Data entries
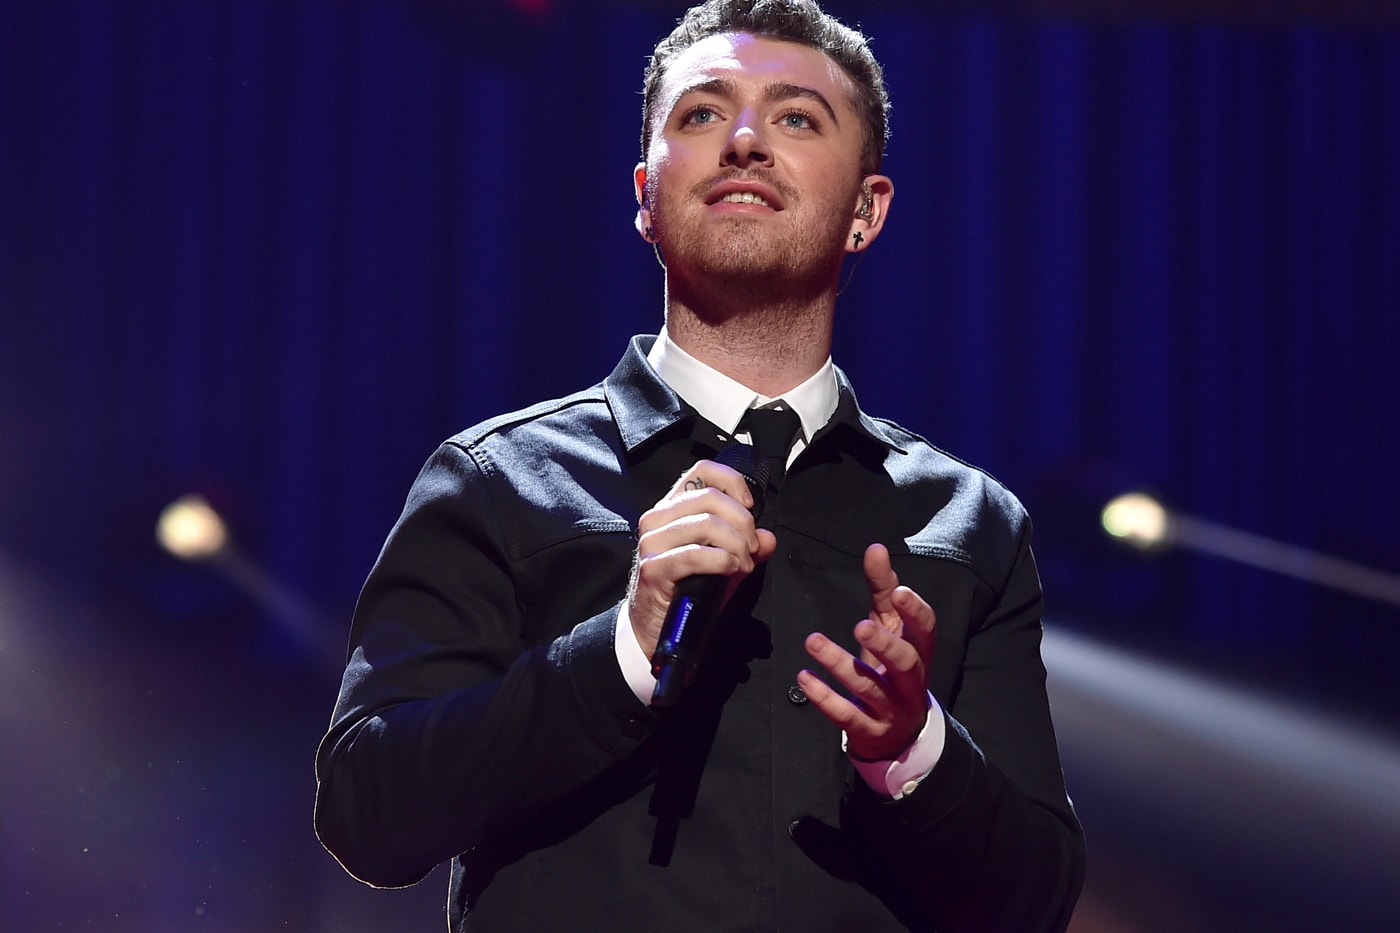 Sam Smith's "Writing's on the Wall" Wins Best Original Song at Oscars
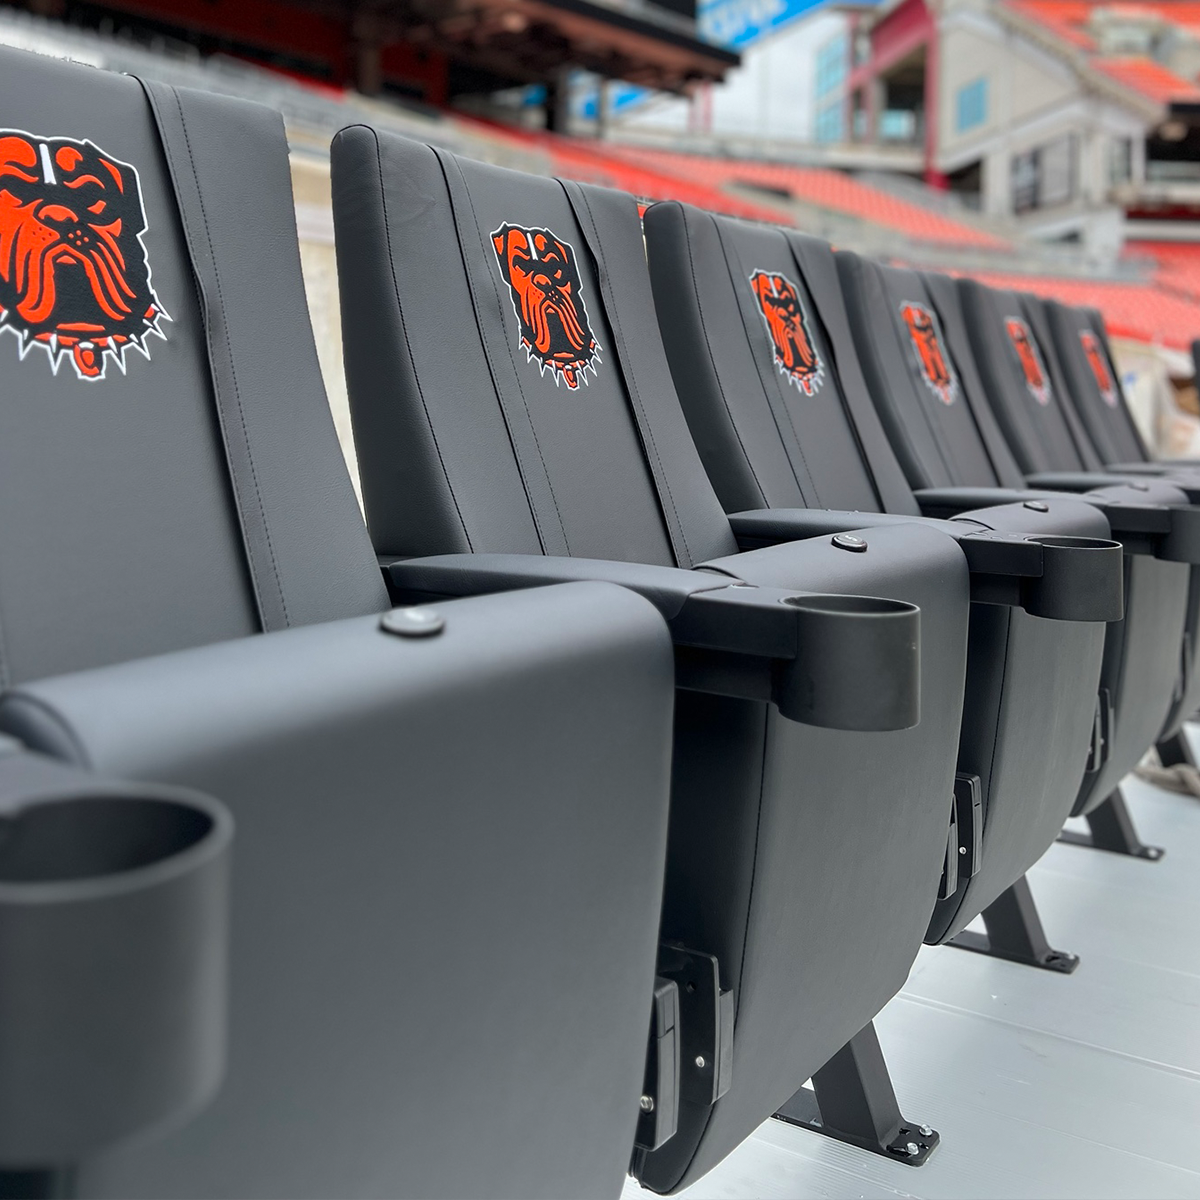 SuiteMax 3.5 VIP Seats with Denver Nuggets 2024 Playoffs Logo
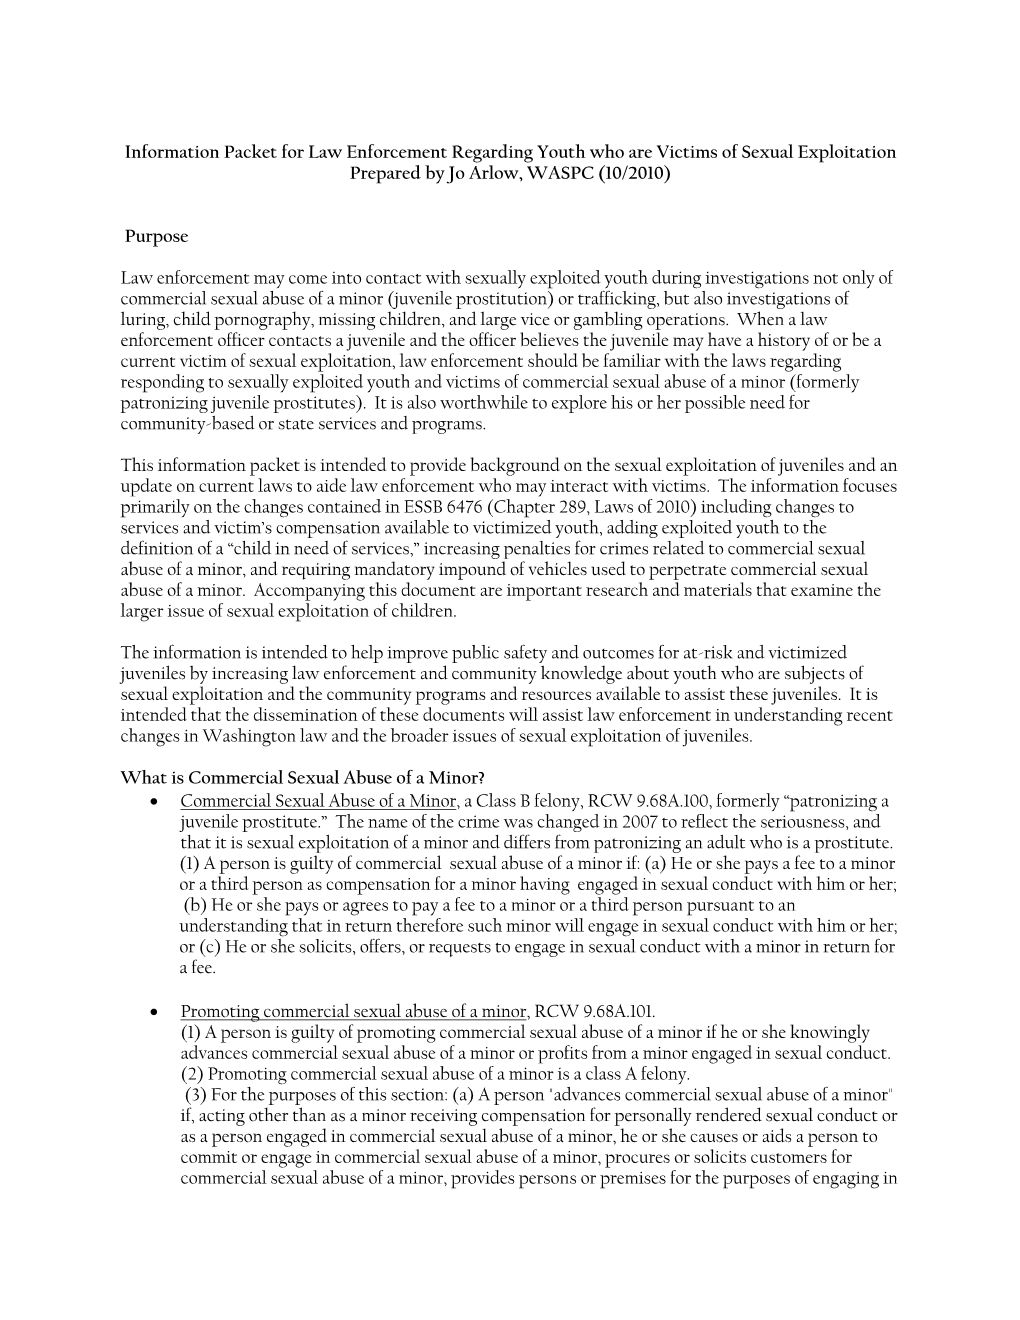 Information Packet for Law Enforcement Regarding Youth Who Are Victims of Sexual Exploitation Prepared by Jo Arlow, WASPC (10/2010)
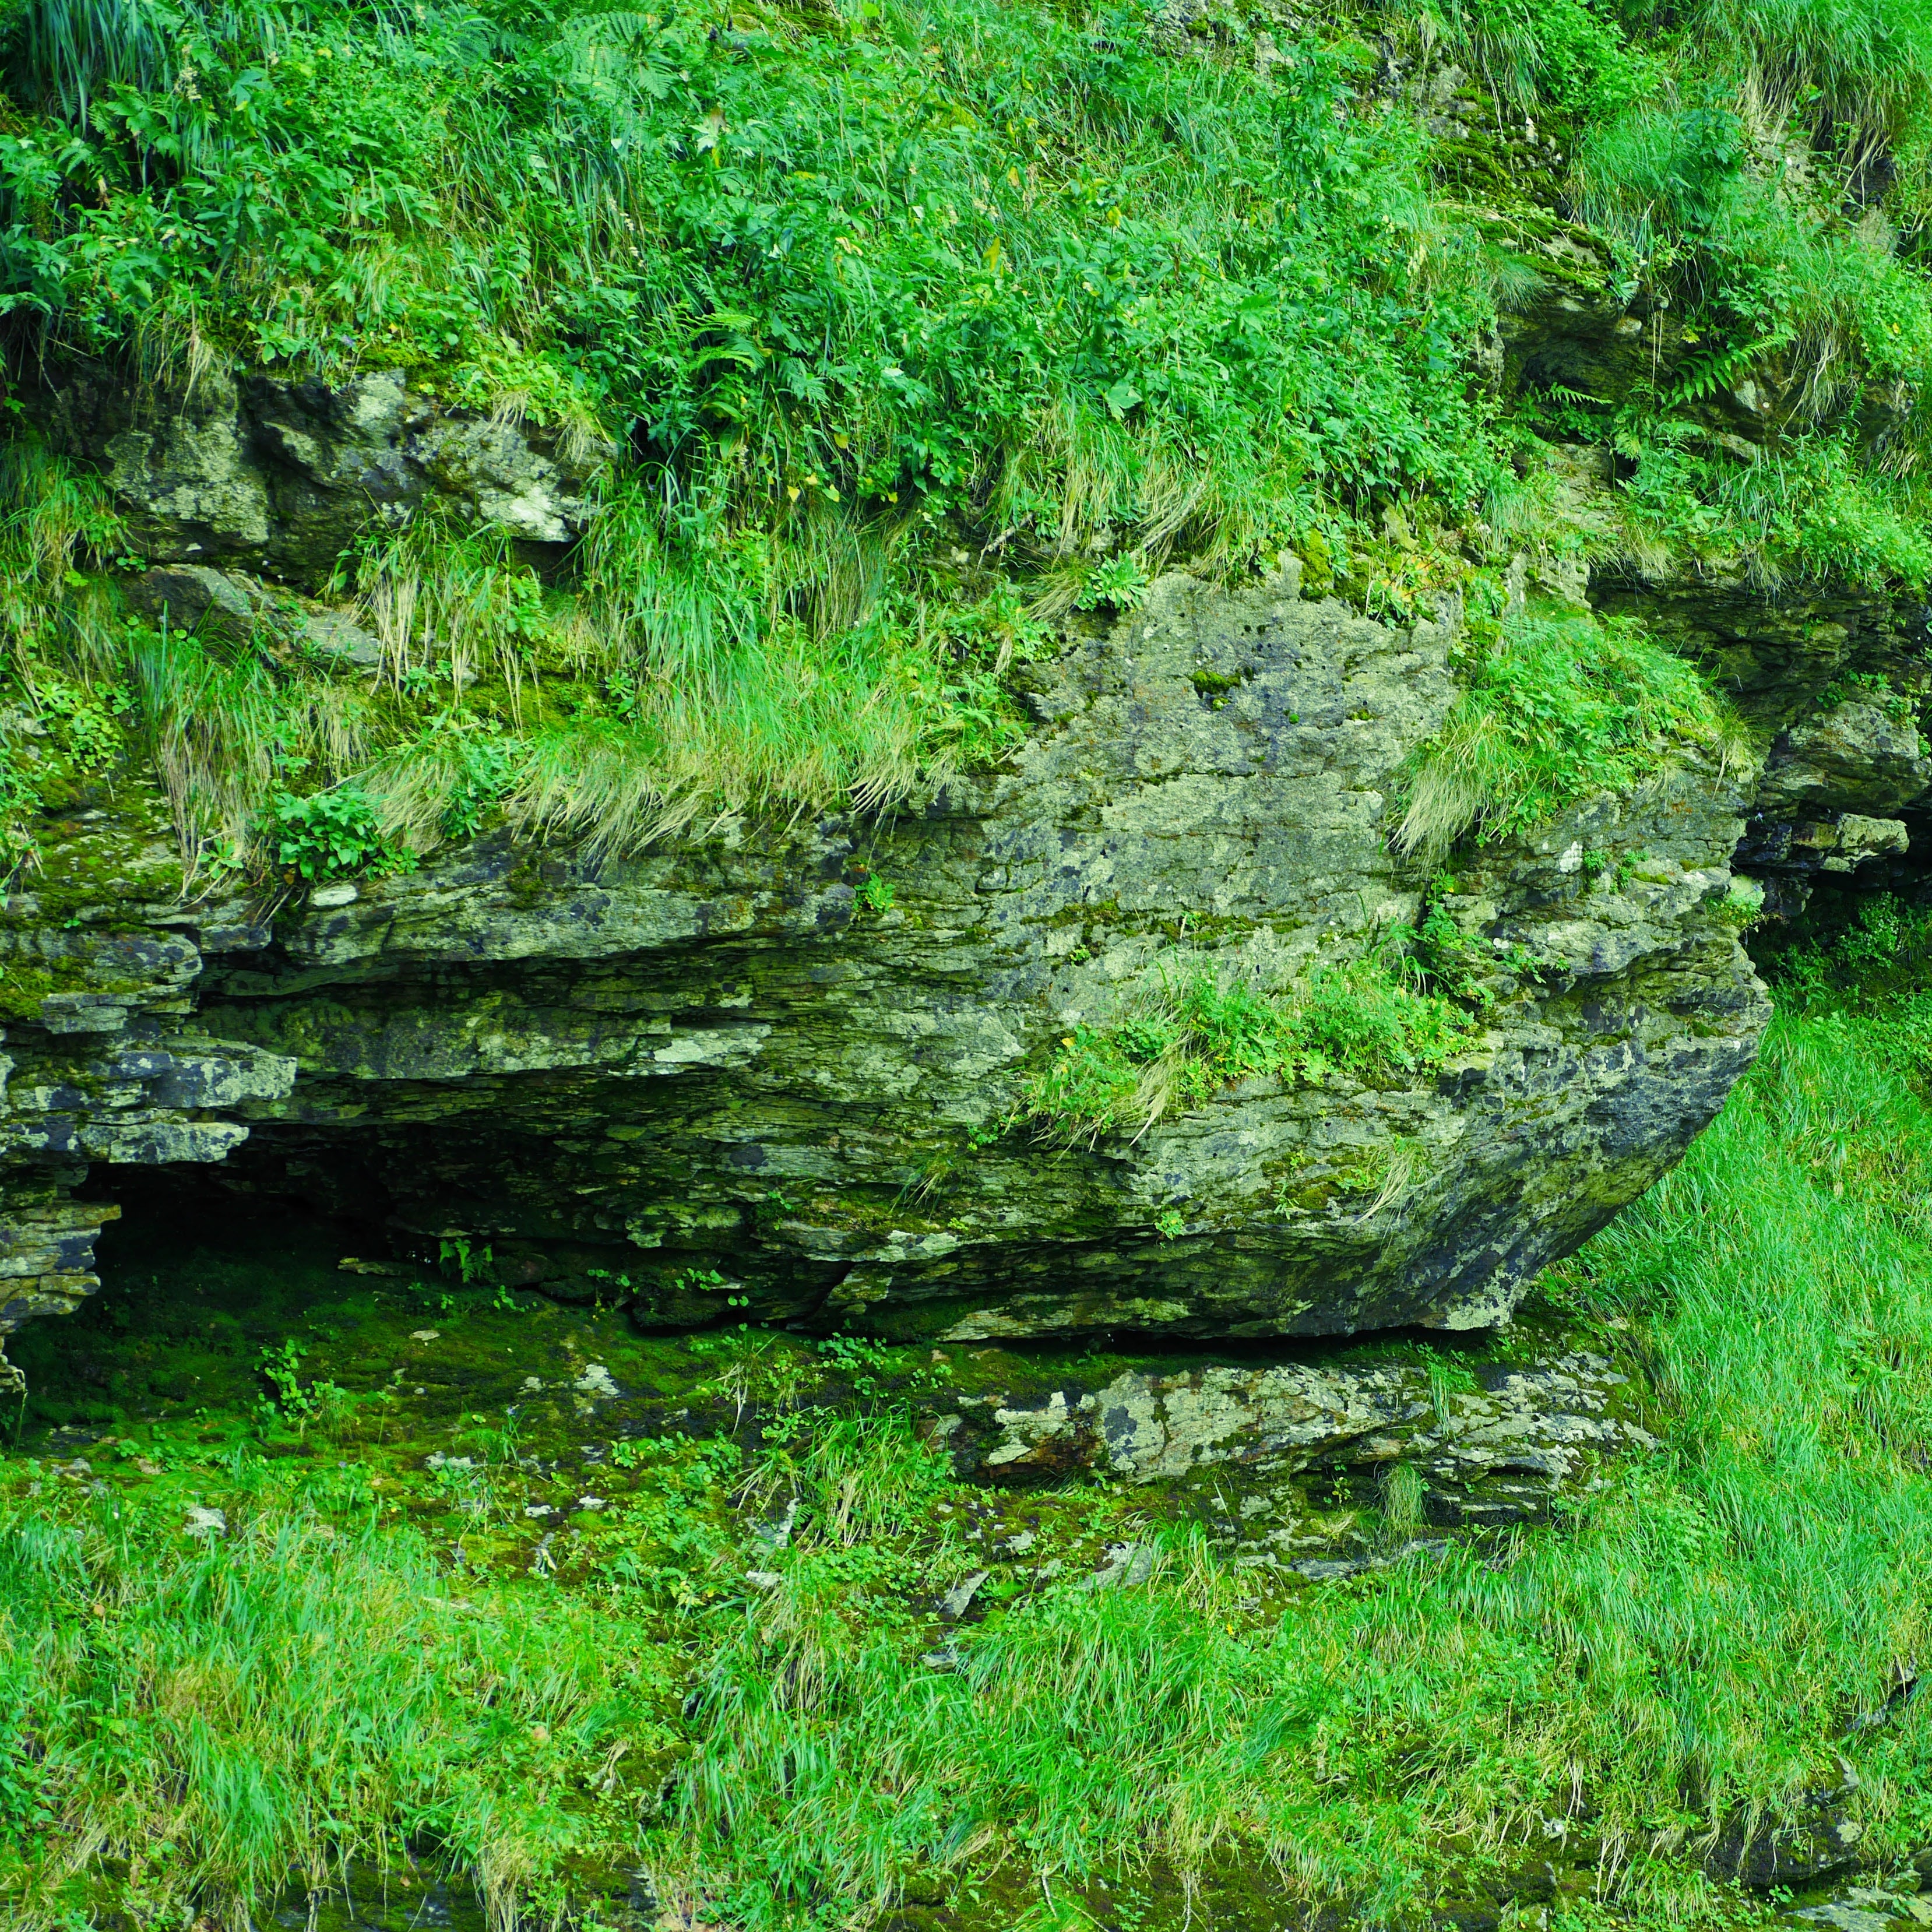 Green, Fouling, Nature, Grass, Rock, reflection, nature
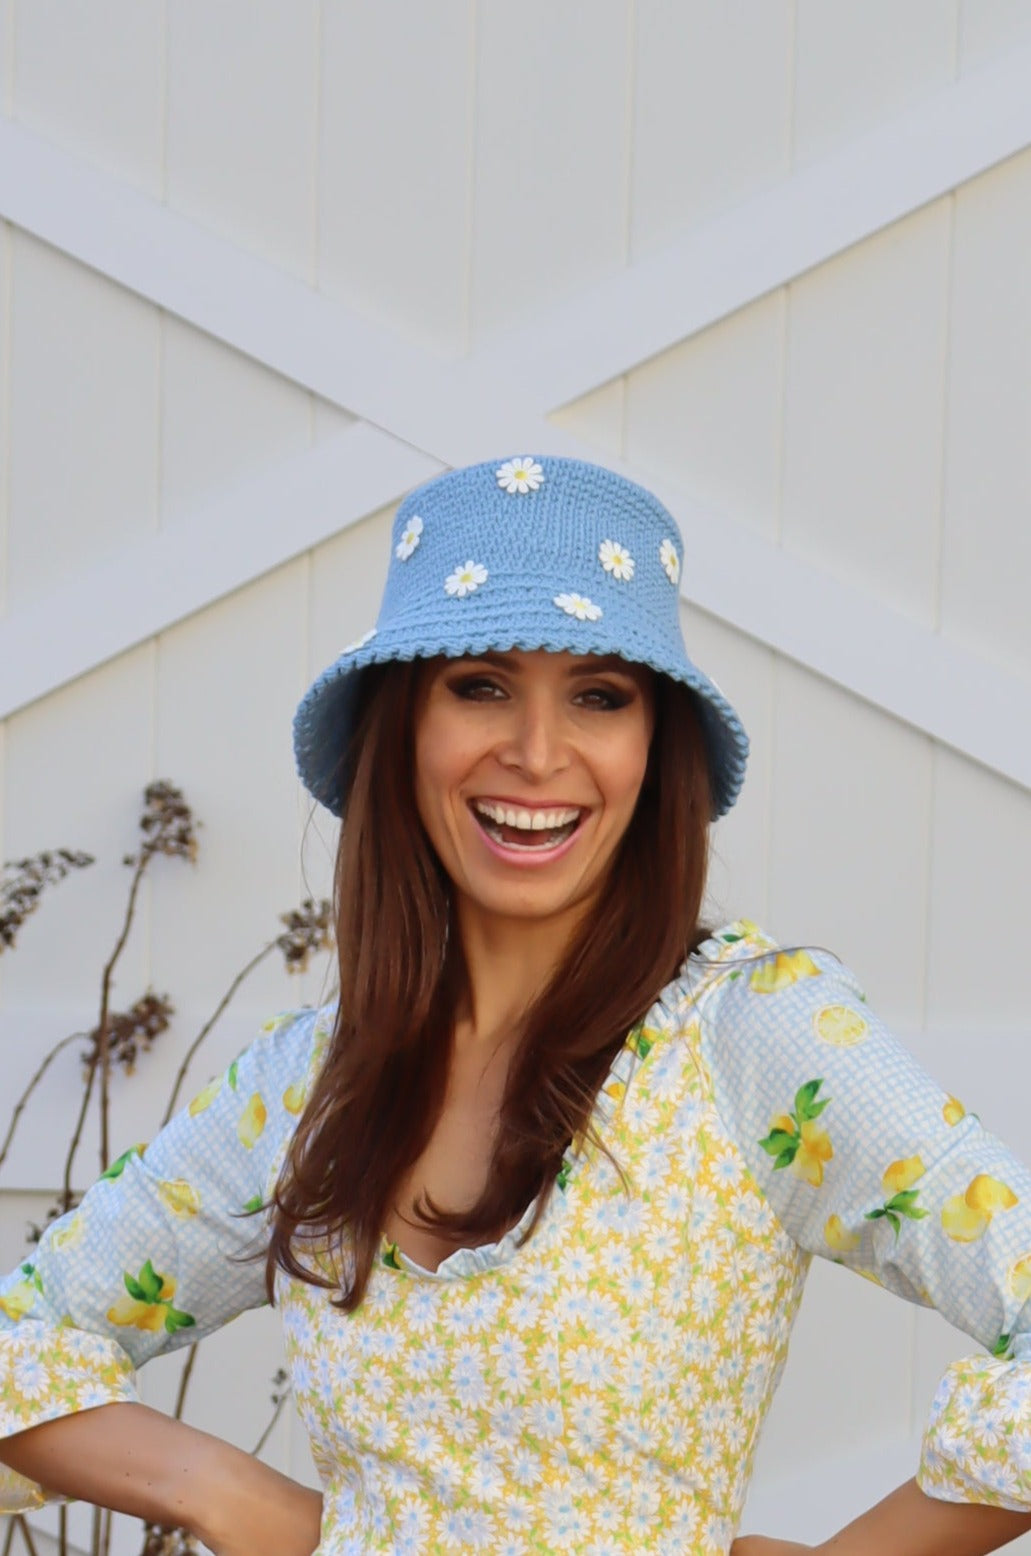 Model smiling with hands on hips wearing Hand Crocheted Bucket Hat with Daisies.

**Work to be completed:**
Copy the records above exactly, leaving out every picture.

**Solved exercise:**
 Sam Smith's "Writing's on the Wall" Wins Best Original Song at Oscars
 SuiteMax 3.5 VIP Seats with Denver Nuggets 2024 Playoffs Logo
 Information Packet for Law Enforcement Regarding Youth Who Are Victims of Sexual Exploitation Prepared by Jo Arlow, WASPC (10/2010)
 Green, Fouling, Nature, Grass, Rock, reflection, nature
 Model smiling with hands on hips wearing Hand Crocheted Bucket Hat with Daisies.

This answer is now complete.